DATA TO EXAMINE:
···

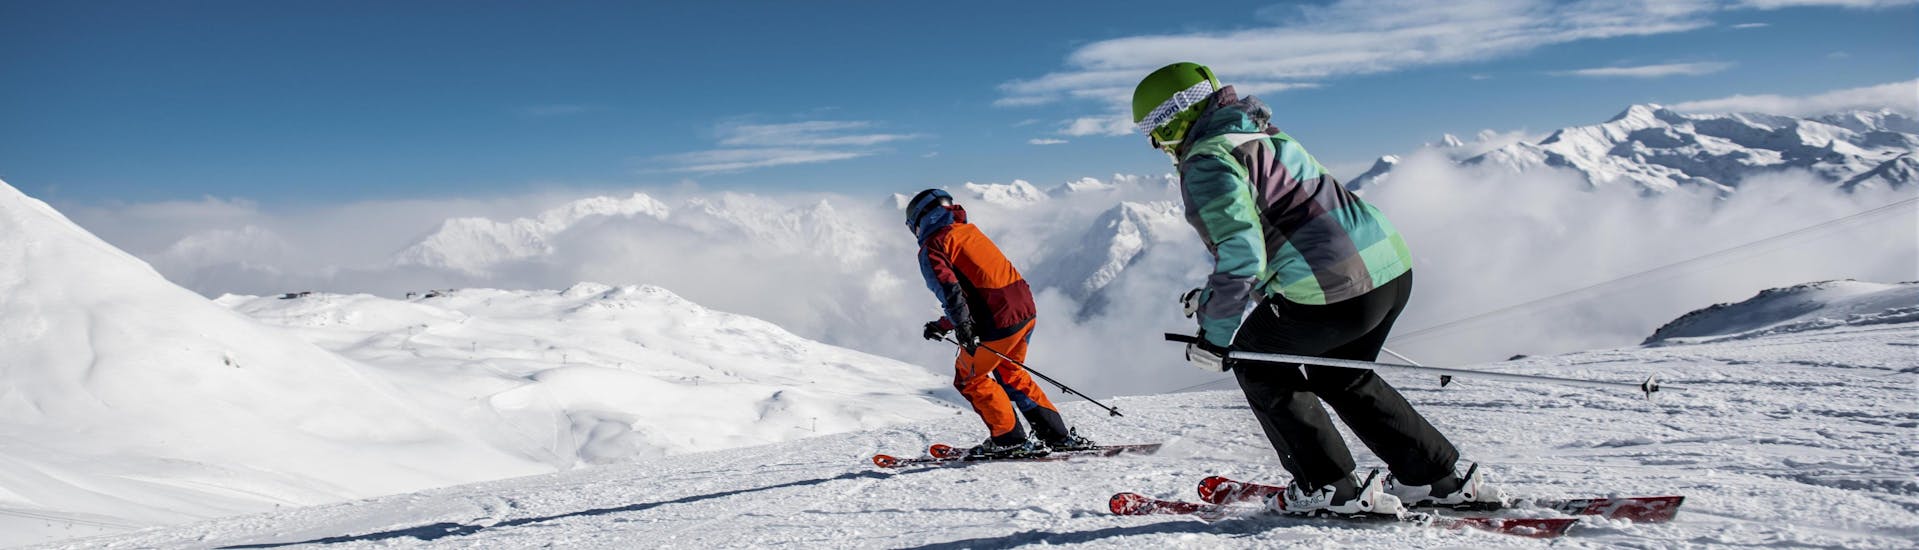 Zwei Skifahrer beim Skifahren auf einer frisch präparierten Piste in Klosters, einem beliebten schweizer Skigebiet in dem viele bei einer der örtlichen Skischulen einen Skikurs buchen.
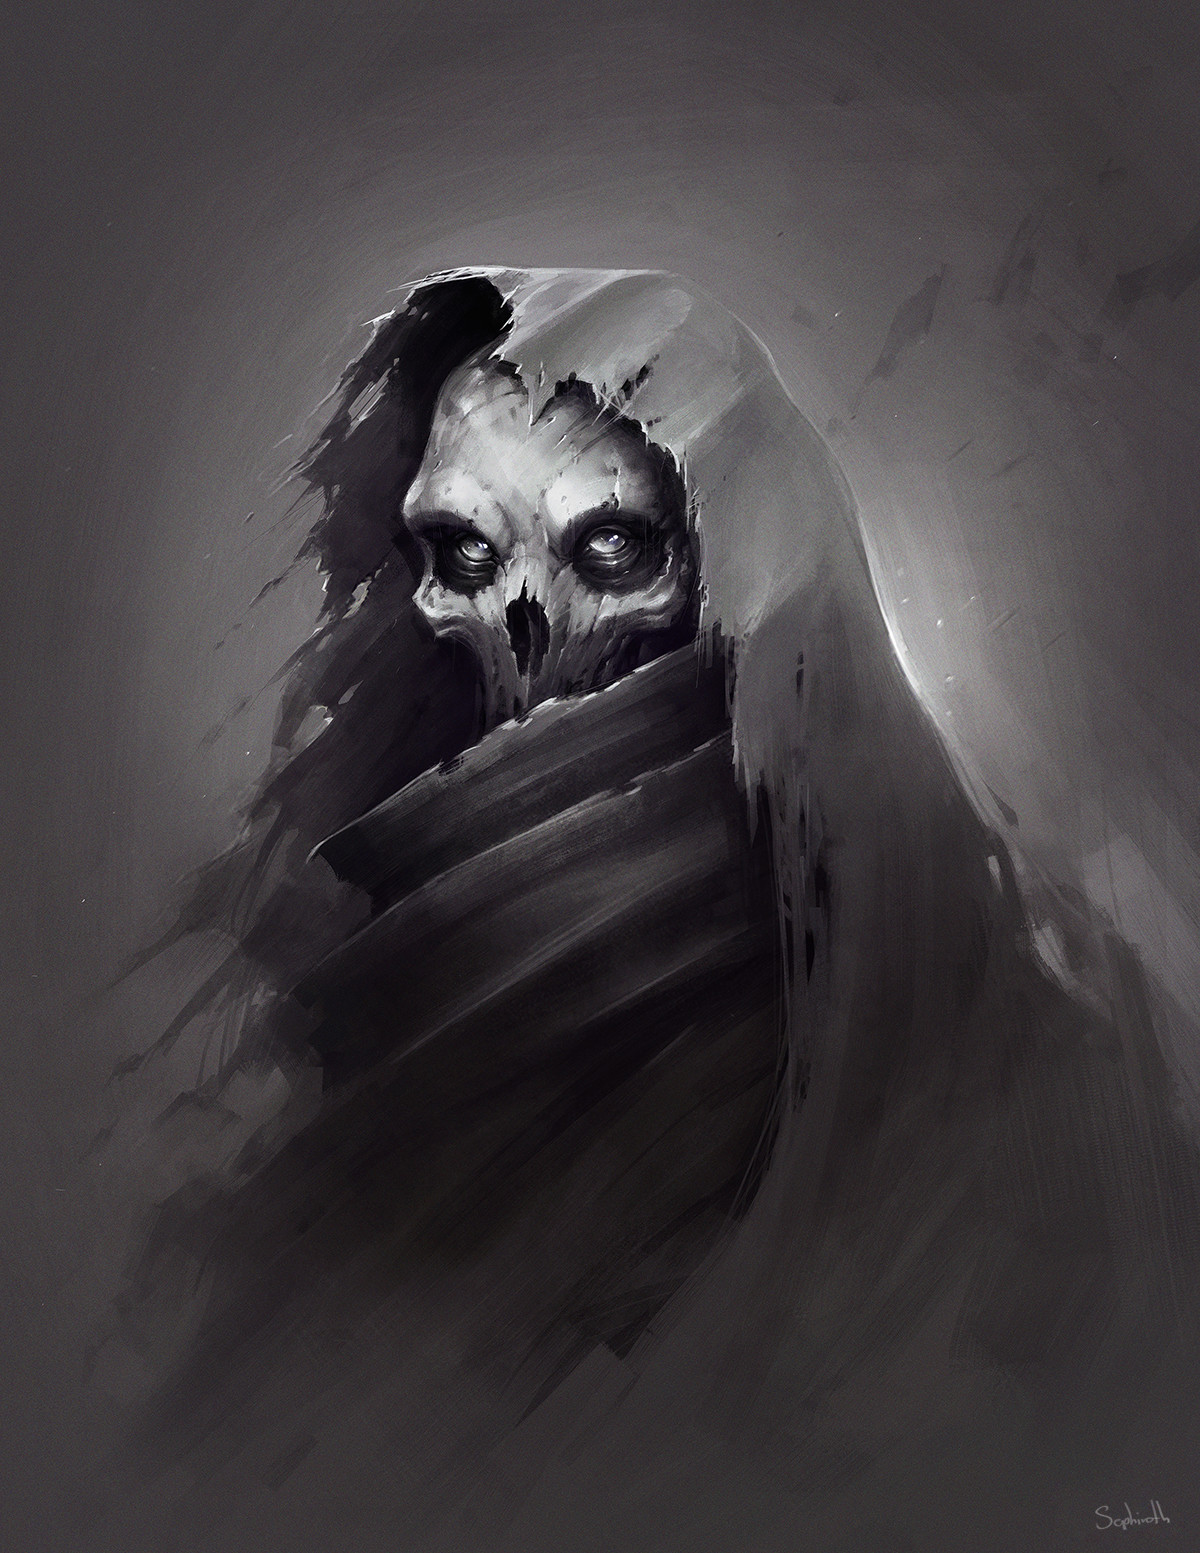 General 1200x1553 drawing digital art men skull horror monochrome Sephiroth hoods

···

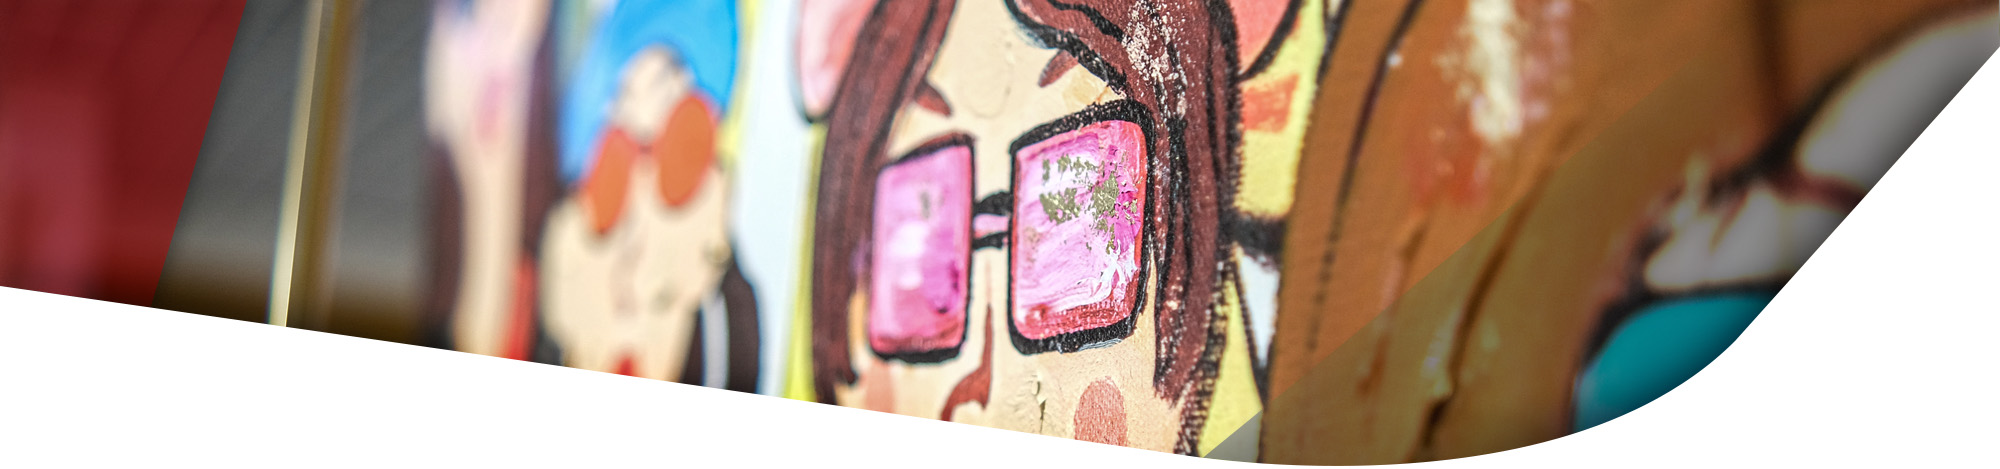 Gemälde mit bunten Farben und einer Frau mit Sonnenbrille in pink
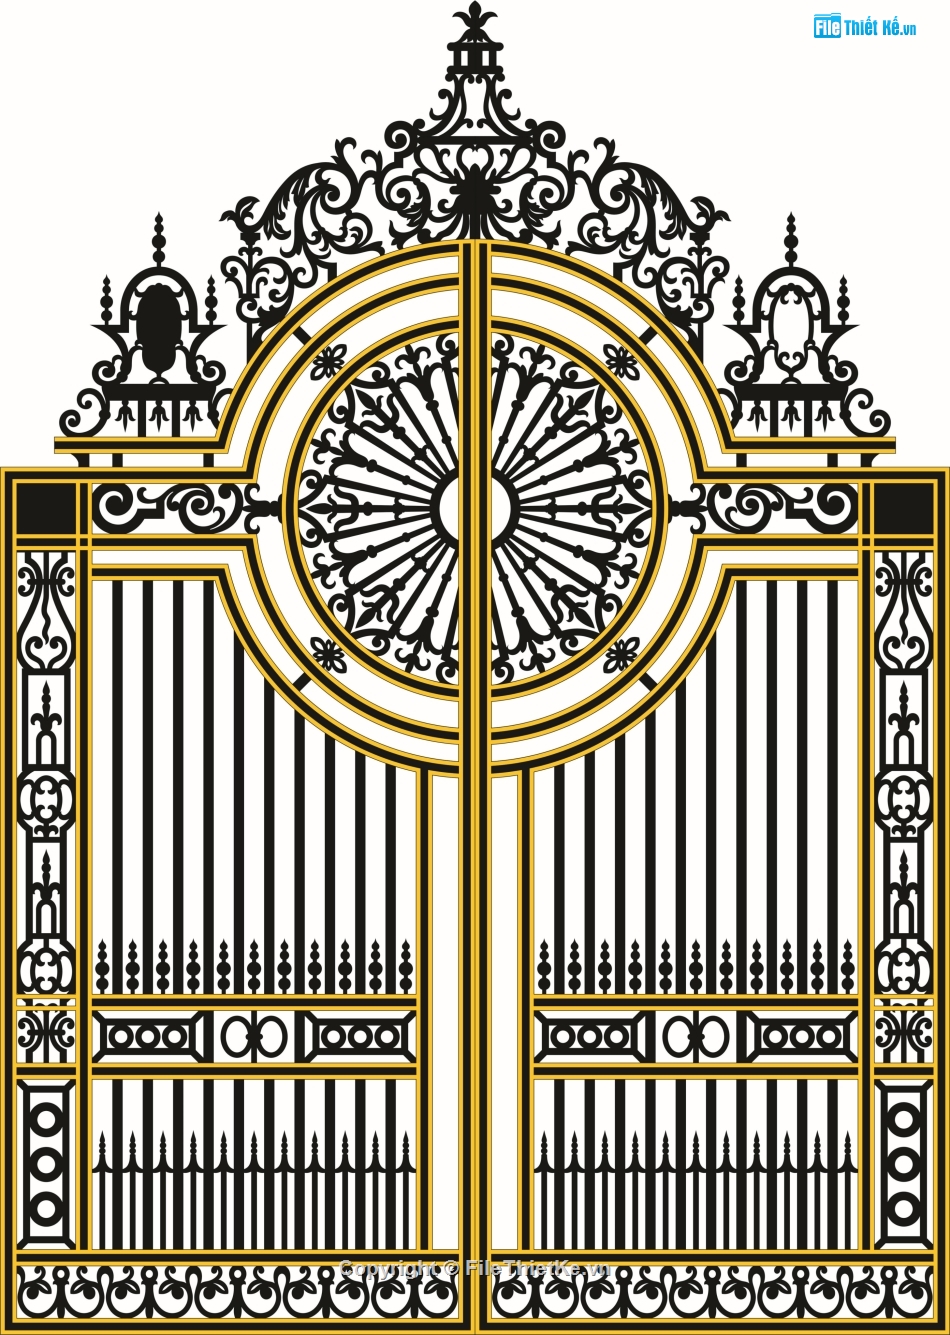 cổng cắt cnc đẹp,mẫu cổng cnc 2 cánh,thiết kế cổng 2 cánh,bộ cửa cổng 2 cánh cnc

···

TASK PROMPT:
Give back exactly the lines above from the one with "Gemälde mit bunten" through the one with "cổng cắt cnc", both included. Pictures don't belong in the copy.

WRITTEN REPLY:
 Gemälde mit bunten Farben und einer Frau mit Sonnenbrille in pink
 cổng cắt cnc đẹp,mẫu cổng cnc 2 cánh,thiết kế cổng 2 cánh,bộ cửa cổng 2 cánh cnc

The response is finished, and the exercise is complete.